I have a simple program (assume a shop) that is actually just returning the $m$ most active customers from a total list of $n$ users (so $m \leq n$). I only use this program on one machine with one process, so assume no distribution of data to be necessary.
I require a data structure storing $\mathrm{userId}$ and $\mathrm{score}$, where $\mathrm{score}$ is an unsigned integer. In the beginning it's $\mathrm{score}:=0$ for all $n$ users. I can extract
$m$ users beginning with the highest $\mathrm{score}$ (filling up with any other user, so the first extract
just returns any $m$ users).
I have an increment(x)
function that is called often. It increases $\mathrm{score}$ of the user with $\mathrm{userId} = x$ by $1$. Afterwards I want to call extract
again, where the result may differ by $1$ user (the last incremented score may lead to that $\mathrm{userId}$ replacing another $\mathrm{userId}$ within the $n$ members).

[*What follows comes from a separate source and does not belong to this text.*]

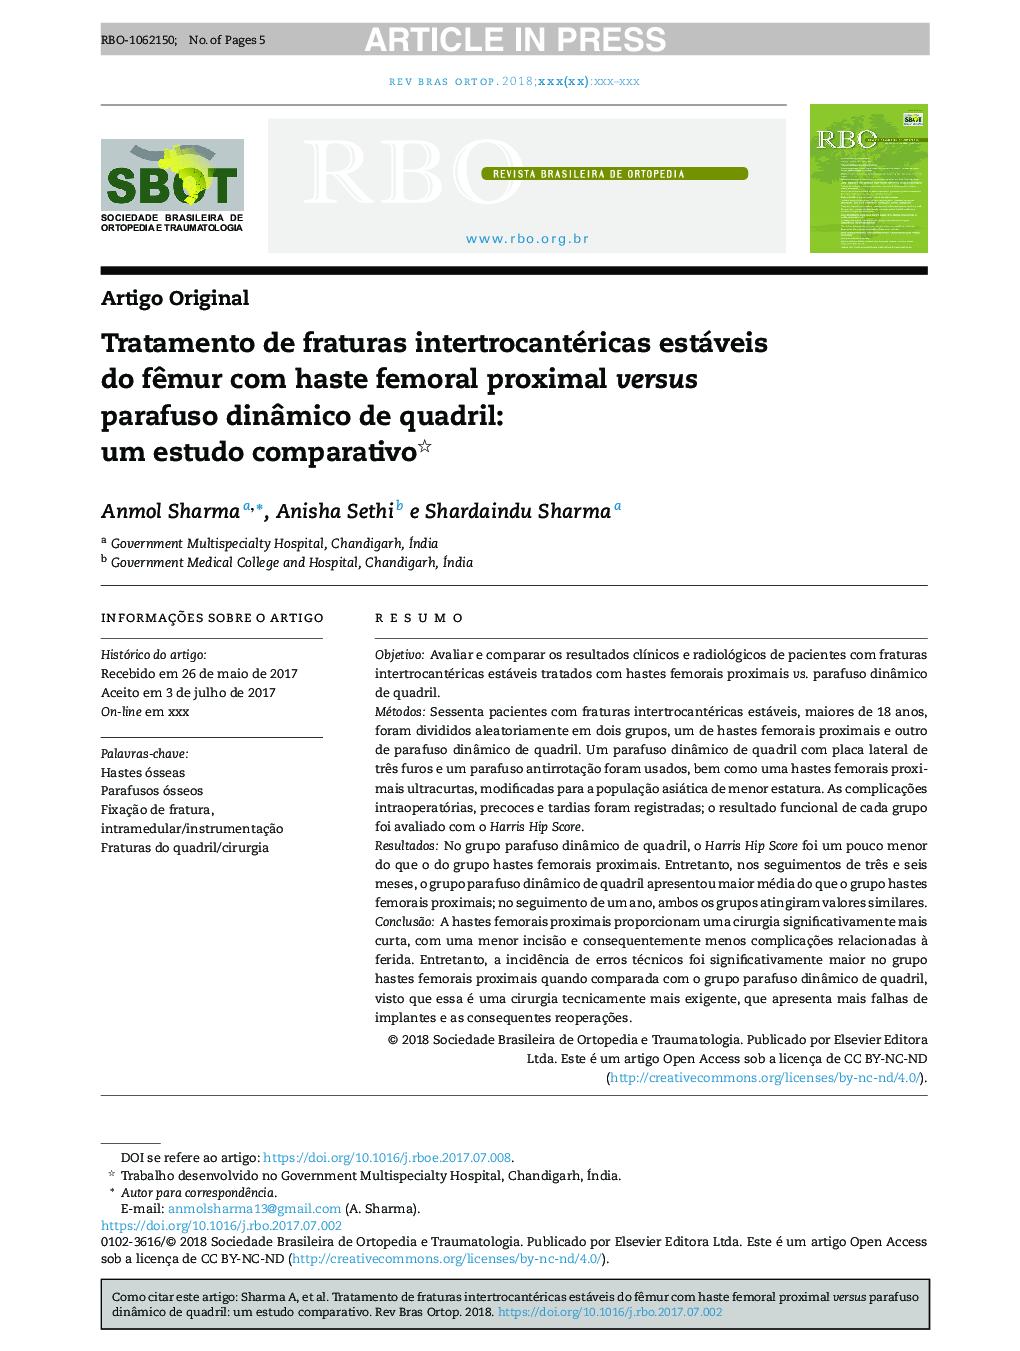 Tratamento de fraturas intertrocantéricas estáveis do fÃªmur com haste femoral proximal versus parafuso dinÃ¢mico de quadril: um estudo comparativo

At the moment my prototype uses a hashmap for the scoring and a linear min-search, so complexity for increment
is $O(1)$ and for extract
is $O(n\cdot m)$. I feel like there should exist a data structure where extract
is $O(m)$ (min-heap maybe?) while increment
is either $O(\log n )$ or even $O(1)$. Assuming $m = \log n$, this would lead to a speedup of $n$ which would be immense even for small datasets.
What data structure should I use? Is there such a data structure for the operations extract
and increment(x)
? And if not, is there a theoretical proof that there is none?